Эшши, наклонившись, горячо зашептал отцу на ухо.
— Эшши-бай! — Аманли прервал ханского сына. — О том, о чем ты шепчешь, на ташаузском базаре говорят во всеуслышание. Ты взволнован тем, что третьего дня родовые вожди Текеклыч-хан и Гоша-хан со своими всадниками сдались властям?… Советское правительство их амнистировало.
На мгновение Джунаид-хан остолбенел, но тут же, придя в себя, спокойно спросил:
— Дурды-бай вернулся?
— И не вернется… Он со своими людьми на пути к Ташаузу, тоже советским властям поехал сдаваться, — ответил за Эшши-бая Аманли, не подозревая, какую роковую ошибку совершает.
— Змея берет в саду яд, там, где пчела мед находит, — Джунаид-хан позеленел от злости. — От своего же яда и подохнет! Он увел у меня сотню сабель!
Молчали все: Эшши-бай, Аманли, охрана. Разговаривать в те минуты с разъяренным Джунаид-ханом было бессмысленно, да и небезопасно. В порыве гнева он мог совершить любую жестокость, отдать Аманли на расправу нукерам или застрелить собственноручно, прямо в юрте, как это уже не раз делал со смельчаками, пытавшимися сказать ему слово поперек. Задохнувшись от гнева, Джунаид-хан закашлялся, вены на его висках вздулись жгутами. Отхлебнув чаю из пиалы, поданной сыном Эшши-баем, он прилег на подушку и размяк, как бурдюк, из которого выпустили воду.
— Благоразумие, — Аманли чуть наклонился к сопевшему Джунаид-хану. — Самое благоразумное для вас — сдаться советской власти… Она очень милостива, она простила тебе твои грехи, призывает к миру… Не от слабости, а от великодушия. Советская власть не хочет крови заблудших, обманутых. Правительство Туркменской Советской Социалистической Республики уполномочило меня заявить, что лично вам и всем вашим всадникам гарантируется амнистия… Конечно, если вы перейдете к оседлому образу жизни, перестанете грабить и убивать население, станете честными советскими гражданами…

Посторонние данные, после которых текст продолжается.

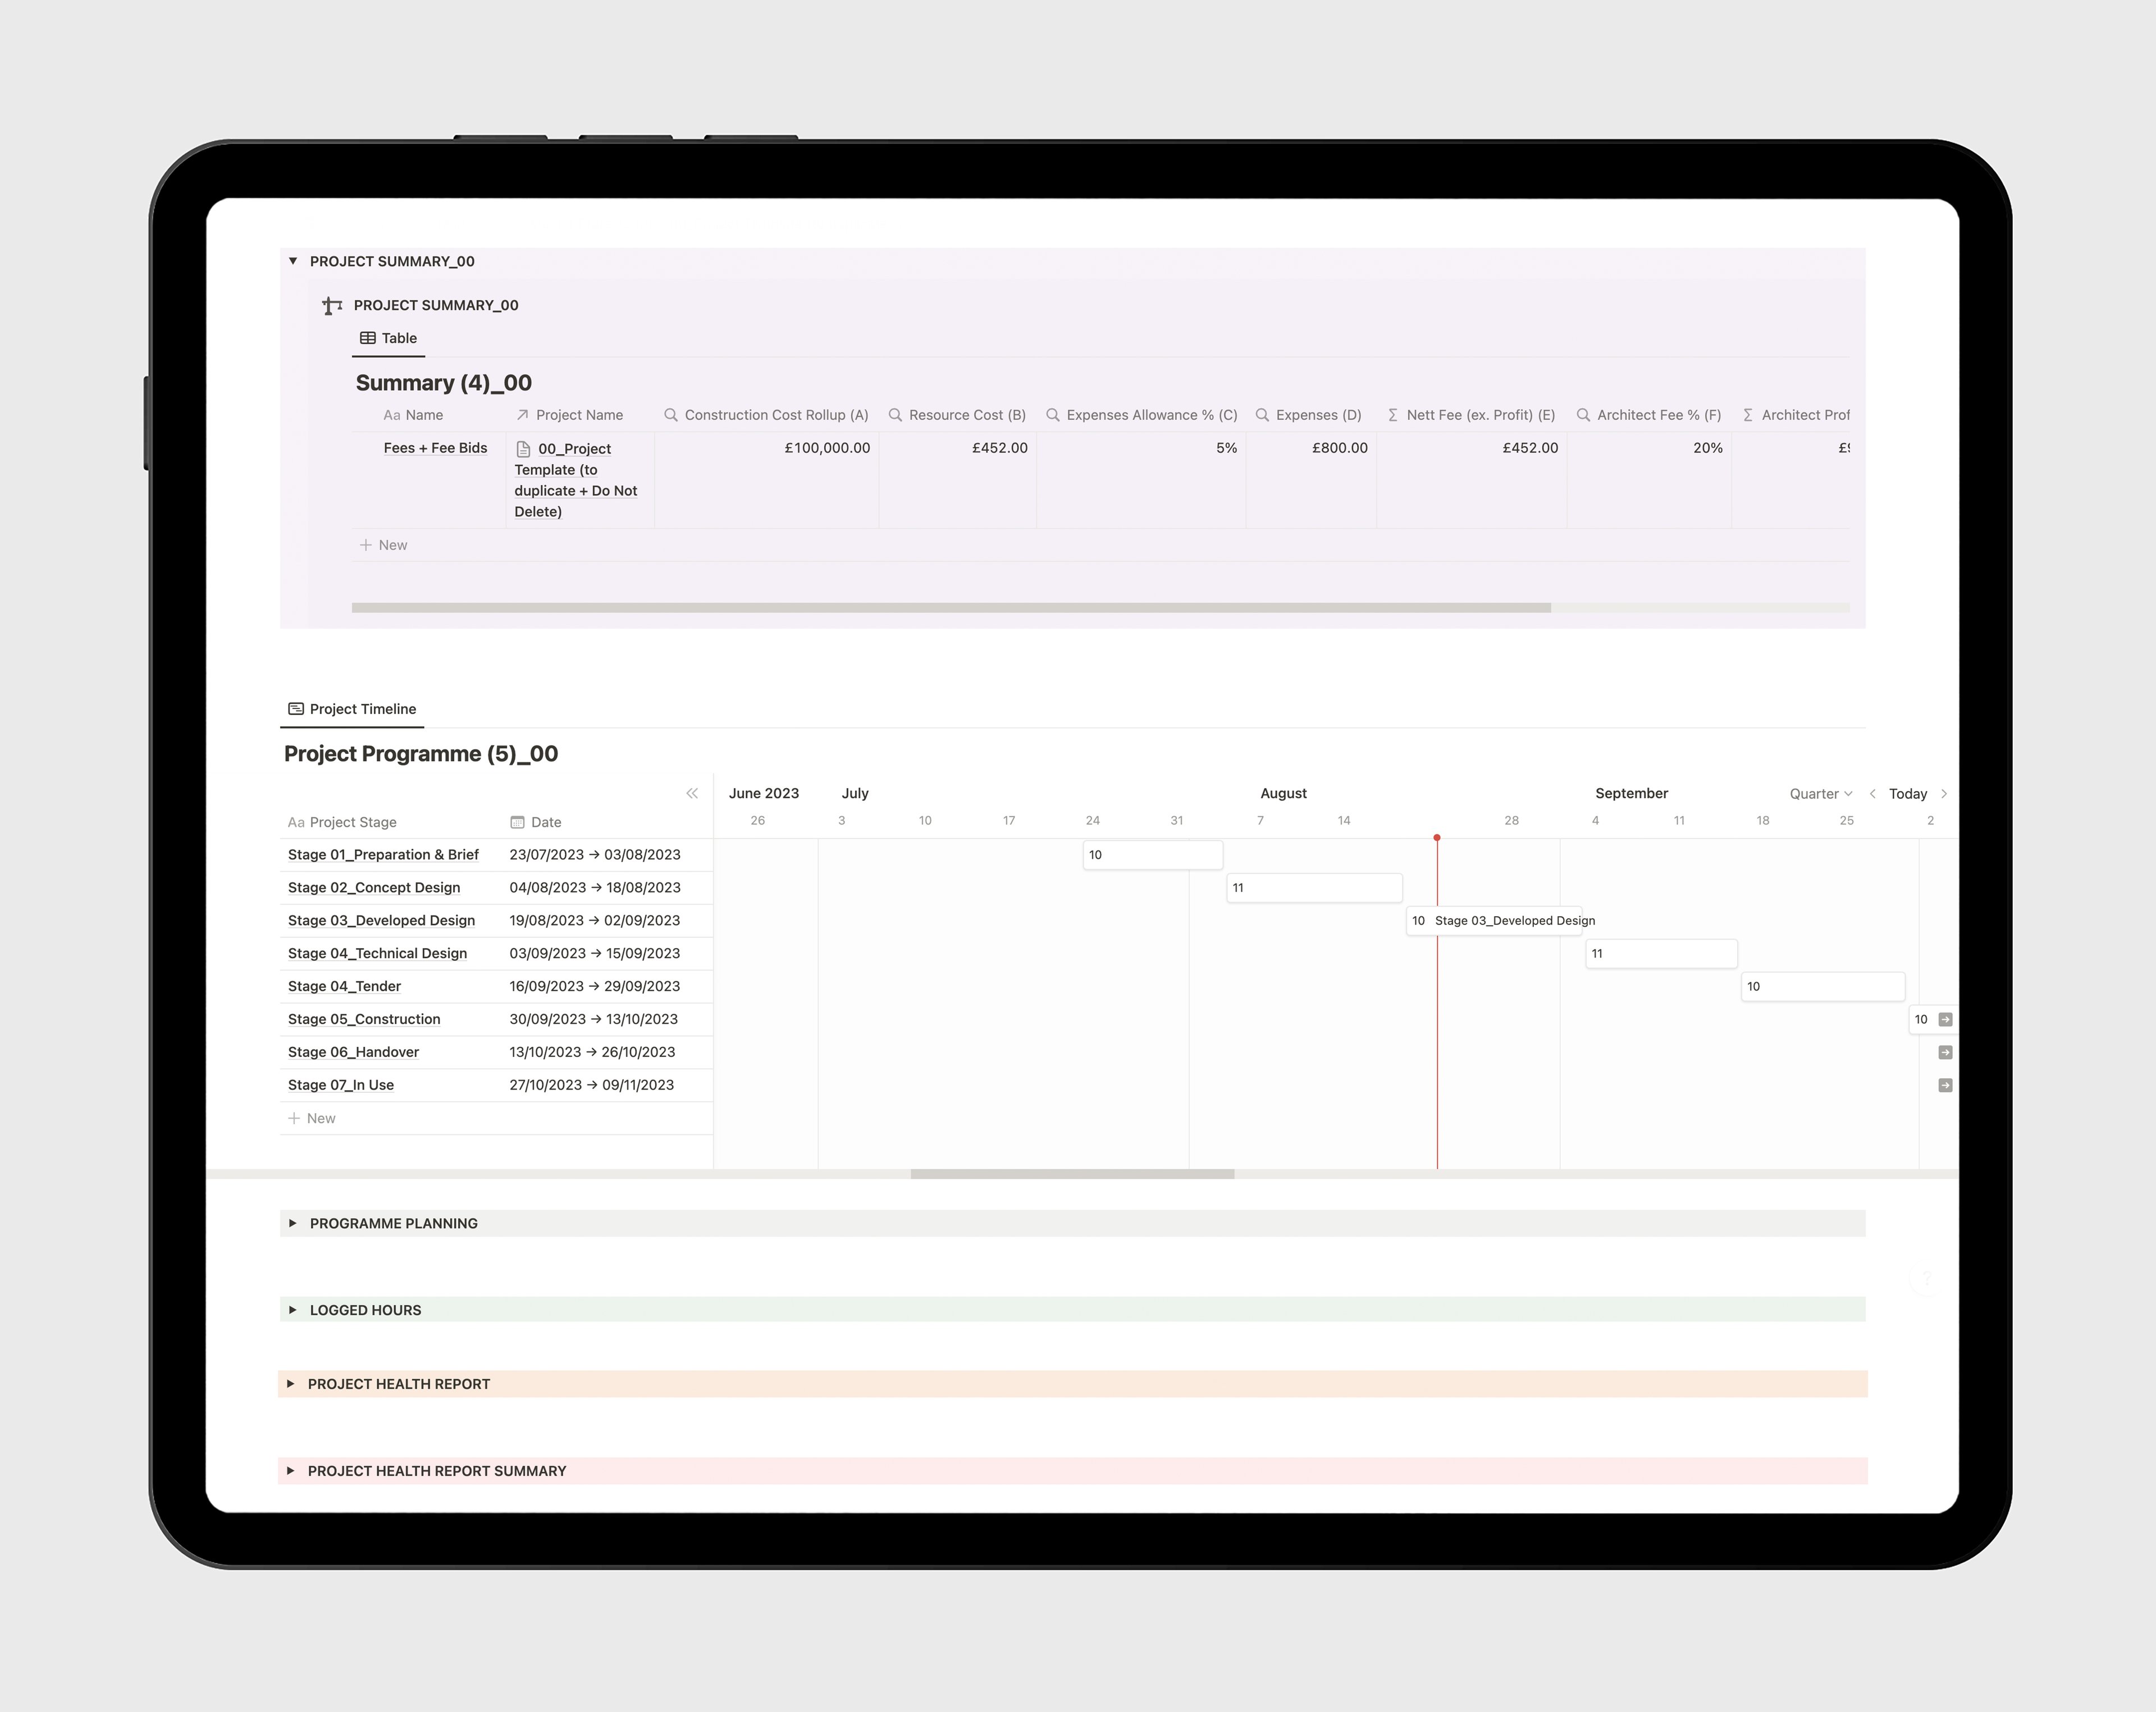 This ULTIMATE template consolidates all complex information into a single source. It's an ideal time-saving tool for architects and teams to accurately plan projects, tasks, and time. Specifically designed for enterprise companies.

— Ты мне надоел, Аманли! — Джунаид-хан поднял на него глаза, налитые кровью. — Уходи, пока я не приказал своему палачу Непесу прикончить тебя…
— Я уйду… От моей смерти вам легче не станет, — Аманли поднялся, направился к выходу. — Ни тебе, ни твоим конникам…
— Стой! — простонал Джунаид-хан. Нукер, стоявший на часах, карабином преградил Аманли дорогу. — Я подумаю. Вечером отвечу.
Едва за Аманли закрылась дверь, как Эшши-бай склонился над отцом:
— Сейчас, мой отец, не время давать волю чувствам… Надо догнать сотню Дурды-бая и вырезать всех до единого! Чтобы другим твоим нукерам неповадно было… Позволь мне, отец, и я омою их кровью барханы! А этого Аманли пора кокнуть…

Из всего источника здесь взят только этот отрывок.